System logs
This guide outlines how to review and search system logs for troubleshooting purposes. It covers text logs and binary logs.
Text logs
Deephaven utilities and processes that are controlled by M/Monit generate text logs which are usually a good starting point when a server process is failing or is not operating correctly.
These logs are written to sub-directories under /var/log/deephaven
.
DbInternal binary logs
Some Deephaven processes, especially workers (which are used in consoles and also behind persistent queries), log their details to binary log files, which are then loaded by the data import server into DbInternal
tables. See Deephaven internal tables for more details about these tables.

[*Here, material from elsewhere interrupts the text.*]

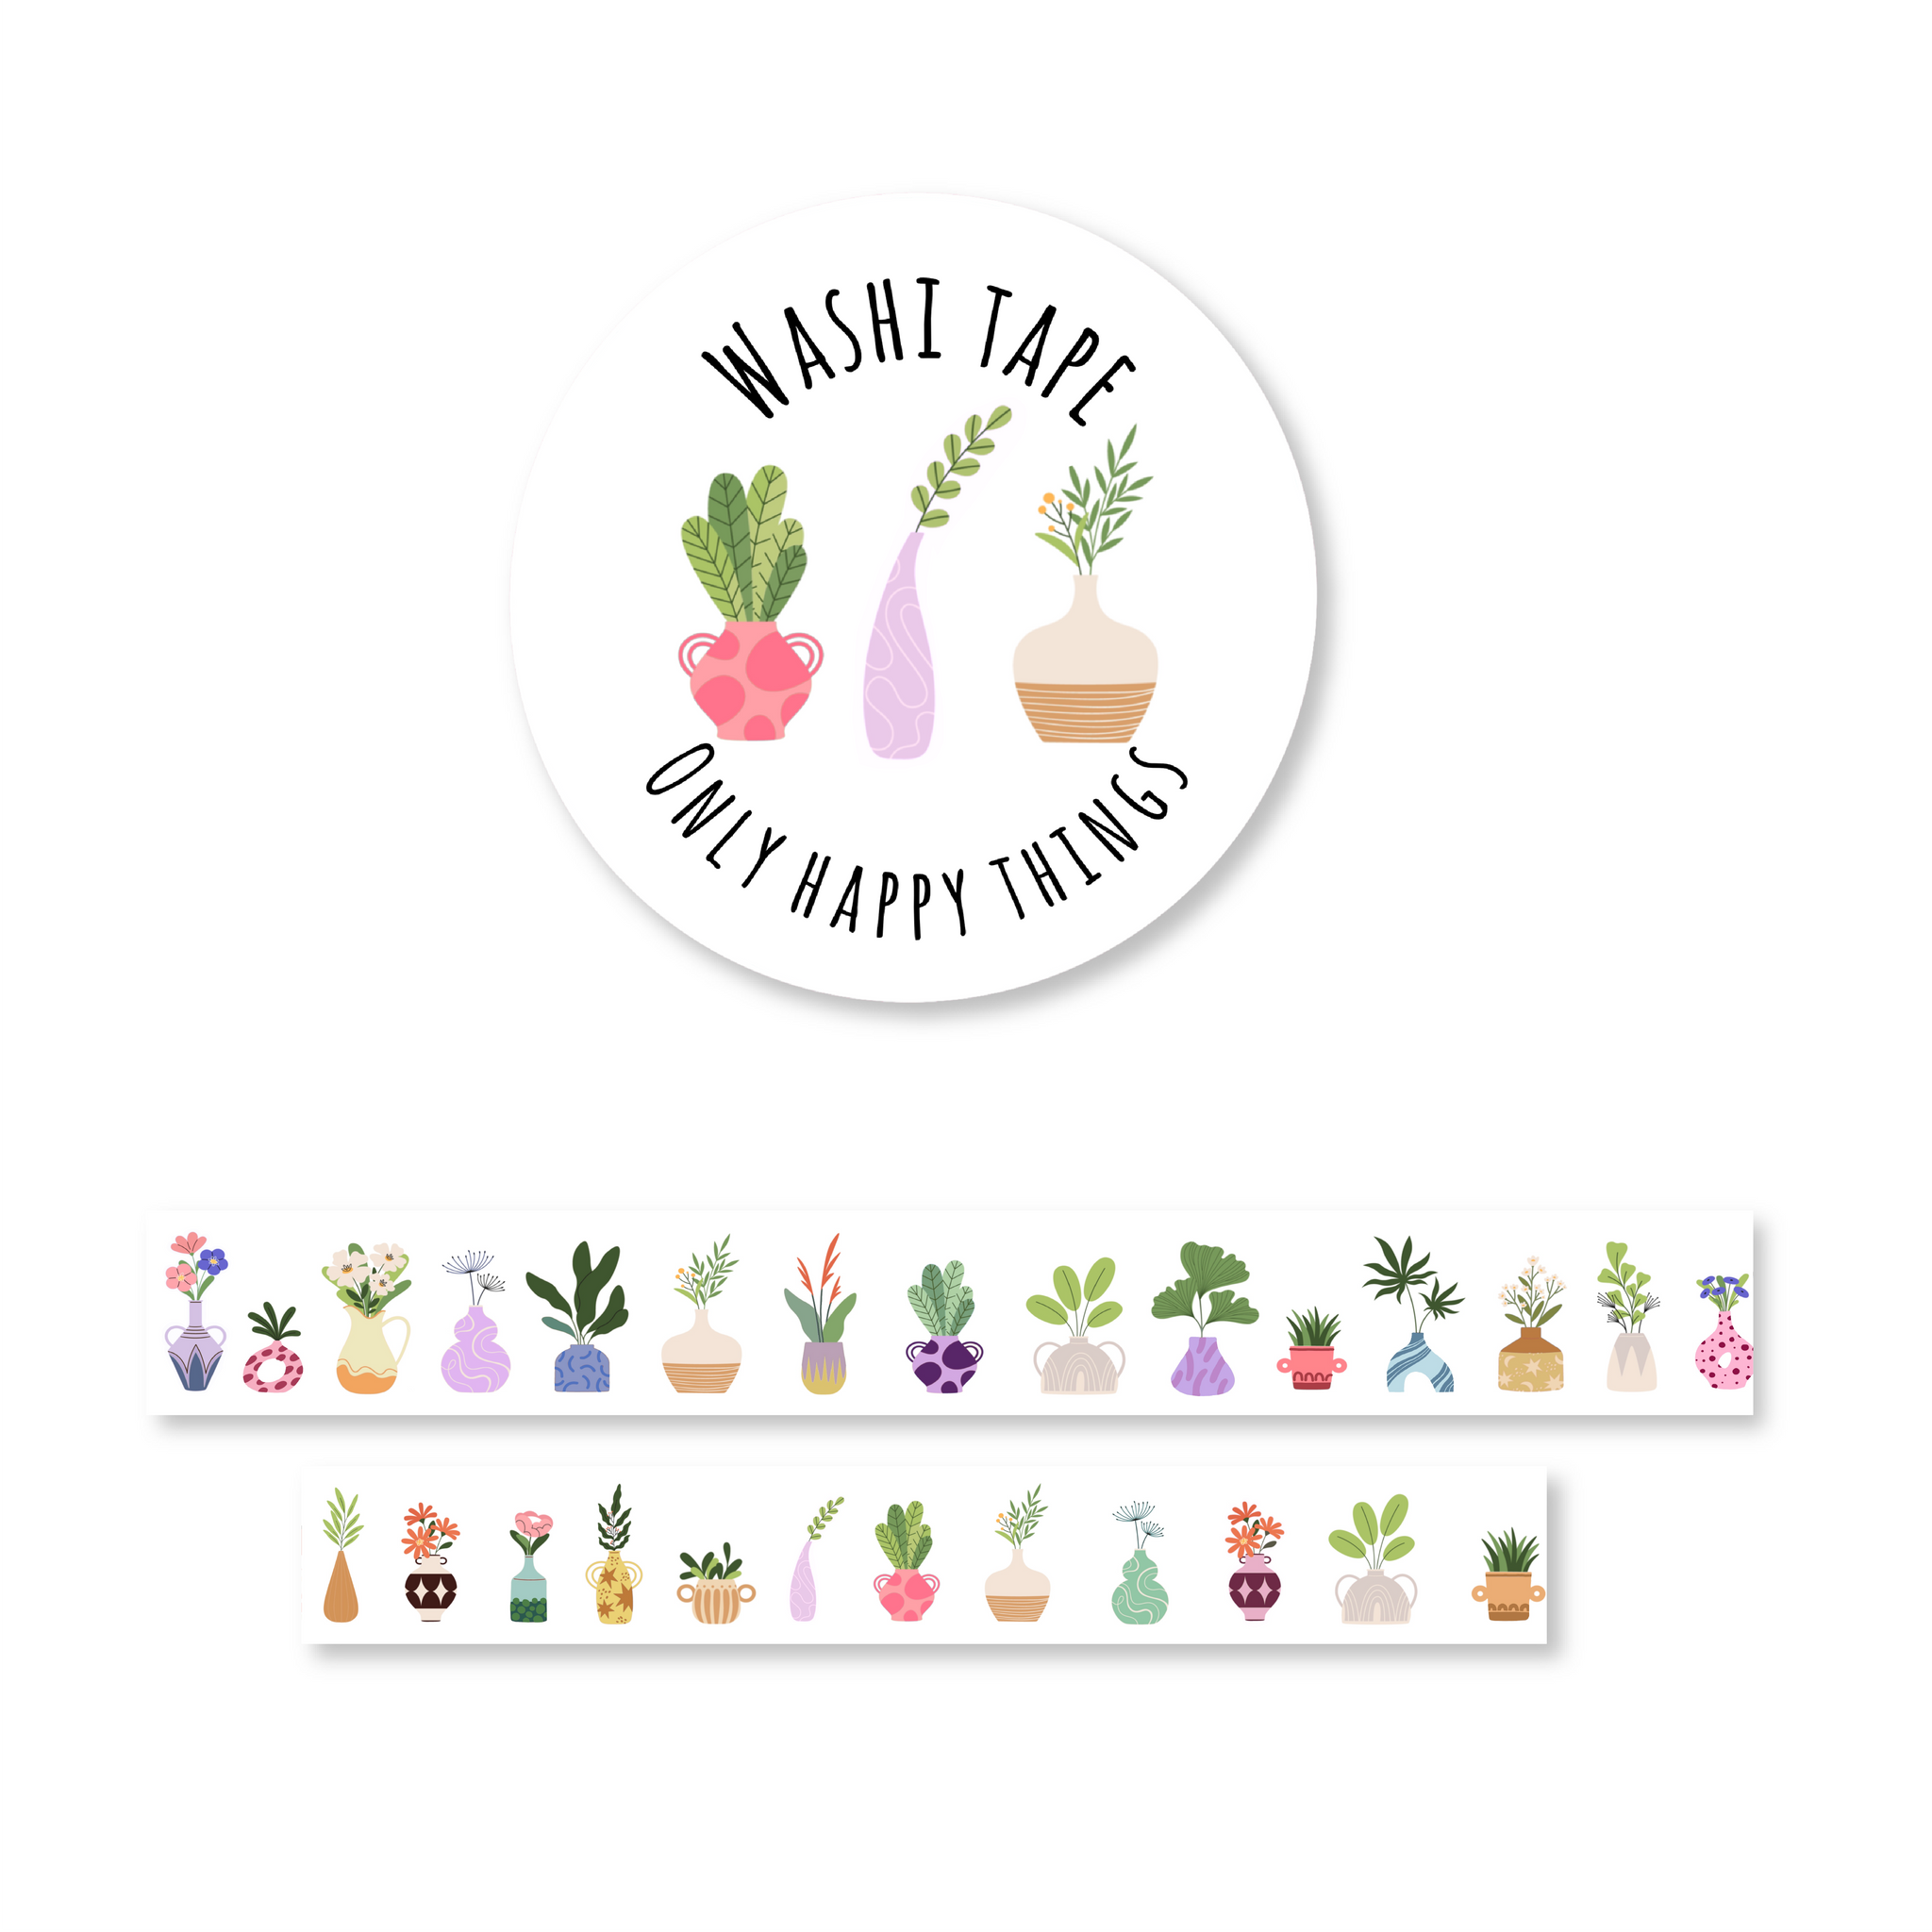 Vases with Flowers & Plants Washi Tape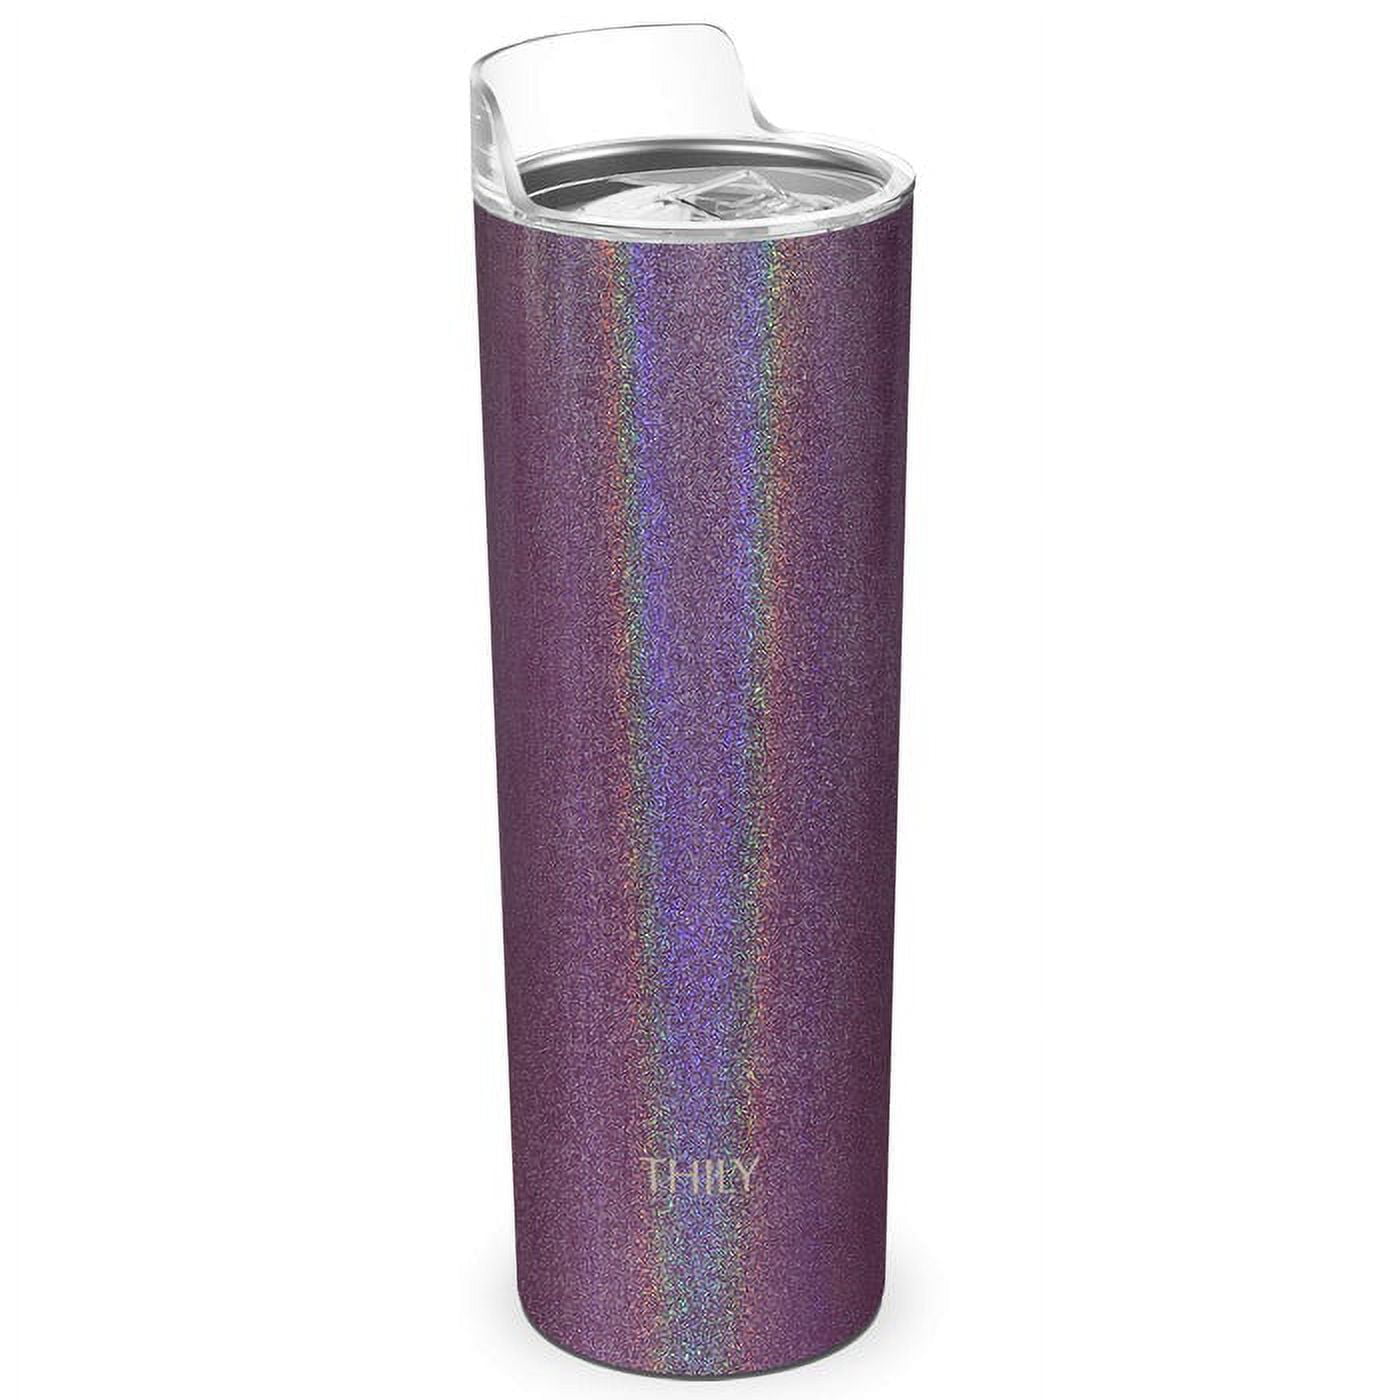 16 oz purple journey travel cup with lid and straw [3340049

When the system is functional and a console can be started, users can query the ProcessEventLog
table to view log output from their own workers. Administrative access is required to view logs from other users' workers (see Deephaven permissions). When consoles are not functional, the iriscat
utility can be used to view binary log files.
DbInternal table view
Workers are identified by a UUID (Universally Unique ID), stored in the ProcessInfoId
column of various DbInternal
log tables. The controller process assigns these IDs at startup. A truncated version of the UUID is stored in the WorkerName
column. The WorkerName
starts with the string worker_
, followed by the first section of the ProcessInfoId
. For example, a ProcessInfoId
of 6604dd7e-054d-4ce5-9249-93c5dffa739b
would have a WorkerName
of worker_6604dd7e
.
Note
A UUID (Universally Unique ID) is a value generated using unique hardware details of the machine on which a generator algorithm is running, in conjunction with the date and time at which the ID is generated. The UUID ProcessInfoId
within Deephaven's scope always uniquely identifies one specific run of a worker process.
When troubleshooting, the most commonly used internal table is the ProcessEventLog
(referred to as PEL
). The PEL
is useful when a Persistent Query has failed, but the exception displayed in the Query Monitor panel does not provide sufficient information about the cause of the failure. It is also useful when a console fails without a useful exception, for example if a process runs out of heap or encounters a fatal exception.
To view the PEL
table for a process you must determine a unique identifier for it, preferably the ProcessInfoId
. For a Persistent Query, the ProcessInfoId
is found in a column in the Query Monitor panel. For interactive workers, the ProcessInfoId
can be found by hovering over the ⓘ menu in the console. The ID can be easily copied to the clipboard by clicking on the icon next to the ID.
For a Persistent Query that crashed and no longer shows the ProcessInfoId
, use the PersistentQueryStateLog
table to find the ProcessInfoId
.
psl = db.liveTable("DbInternal", "PersistentQueryStateLog").where("Date=today()", "Name=`Import 12`")
psl = db.live_table("DbInternal", "PersistentQueryStateLog").where(
["Date=today()", "Name=`Import 12`"]
)
In the query above, the psl
table has a ProcessInfoId
column containing the unique identifier for all executions of the Import 12
Persistent Query for today.
If the WorkerName
for a console is known, the ProcessInfoId
can be obtained by querying the AuditEventLog
. For example, to get the worker startup audit details for query worker worker_6604dd7e
:
ael = db.liveTable("DbInternal", "AuditEventLog").where("Date=today()", "Event=`Starting worker`", "Process=`db_query_server`", "Details.contains(`worker_6604dd7e`)")
ael = db.live_table("DbInternal", "AuditEventLog").where(
[
"Date=today()",
"Event=`Starting worker`",
"Process=`db_query_server`",
"Details.contains(`worker_6604dd7e`)",
]
)
Once you know the ProcessInfoId
, you can query the PEL
to get the detailed worker logs from startup through shutdown. If the worker crashed or shut down unexpectedly during startup, there may be limited information available in the log. When this happens you need to inspect logs from the dispatcher on the host your query was running on.
pel = db.liveTable("DbInternal", "ProcessEventLog").where("Date=today()", "ProcessInfoId=`6604dd7e-054d-4ce5-9249-93c5dffa739b3`").sort("Timestamp")
pel = (
db.live_table("DbInternal", "ProcessEventLog")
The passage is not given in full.